Take characteristics of all products into account, values of the ocean surface Rn from 11 products were applied in this study. Specifically, six products covering 1988–2016 were used for fusion including two remotely sensed products (CERES4 and ISCCP-FH) and four reanalysis products (JRA-55, MERRA2, NCEP R2, and ERA5), and five products were used for comparison including one remotely sensed product (GEWEX-SRB), three reconstructed products (TropFlux, OAFlux, and J-OFURO3), and one ship-based product (NOCS V2.0). Note that J-OFURO3 which was thought to be one of the best products in ocean surface Rn13 was mainly considered as a reference. Table 2 lists the characteristics of the 11 used ocean surface Rn products.

Table 2 The characteristics of the 11 used ocean surface Rn products.

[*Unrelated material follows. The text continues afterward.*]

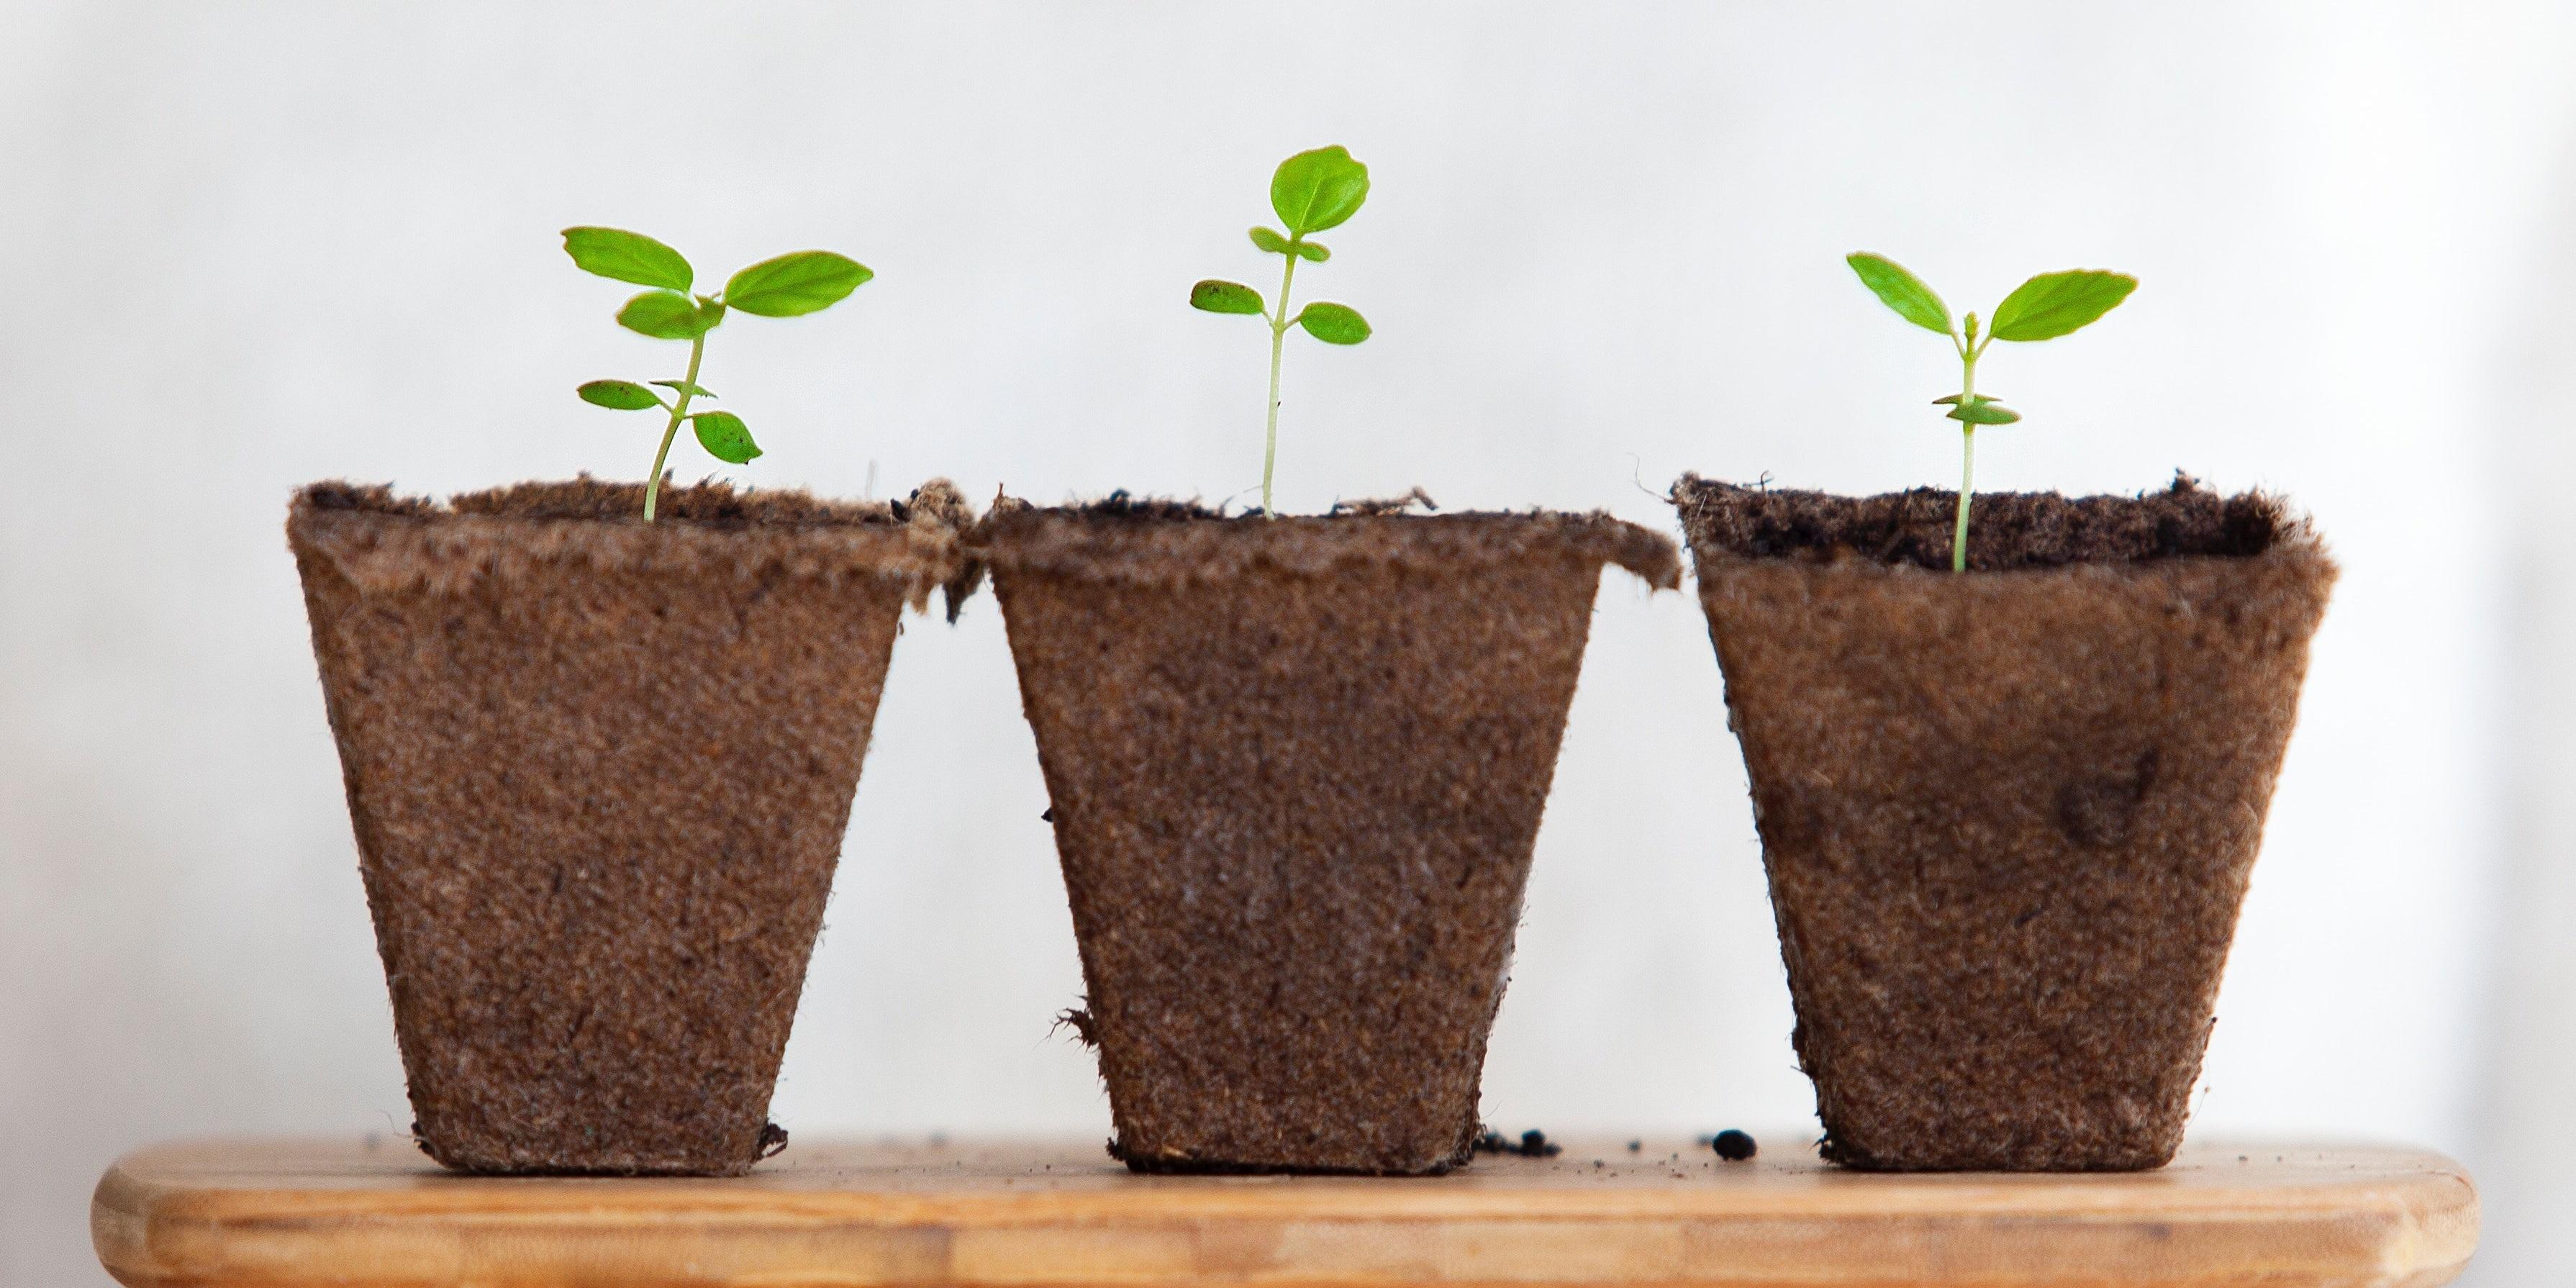 grow-plant-business-652041-edited

Since only radiative components could be provided by the 11 products, the ocean surface Rn should be calculated by adding these radiative components at first. Only except the three reconstructed products and NOCS V2.0 that providing Rns and Rnl, all of the other products providing four radiative components (Rsi, Rso, Rli, and Rlo). After that, the ocean surface Rn from all the 11 products were pre-processed into daily means in UTC format, and the six products used for fusion were resampled into six scales (0.05°, 0.1°, 0.25°, 0.5°, 1°, and 2°) using bilinear interpolation58,59. Specifically, for fusion modeling, these six resampled products were extracted according to the locations of all moored buoys one by one; for production, the areas of the ocean of these products were first identified by the ocean-land mask originally developed at Boston University based on MODIS data60 before resampling. To obtain more reasonable values of Rn over coastal seas, the pixels of these six products along land-sea boundaries were further processed by the creeping sea fill (CSF) method61, using which the targeted points were filled through the weight of the eight nearest pixels: a weight of one at the four diagonal points and a weight of two at up, down, left, and right points that have values, the target point is filled if the weights sum to at least three. The CSF method has been widely used for coastline processing2,62,63 to reduce the influence of contaminations from land.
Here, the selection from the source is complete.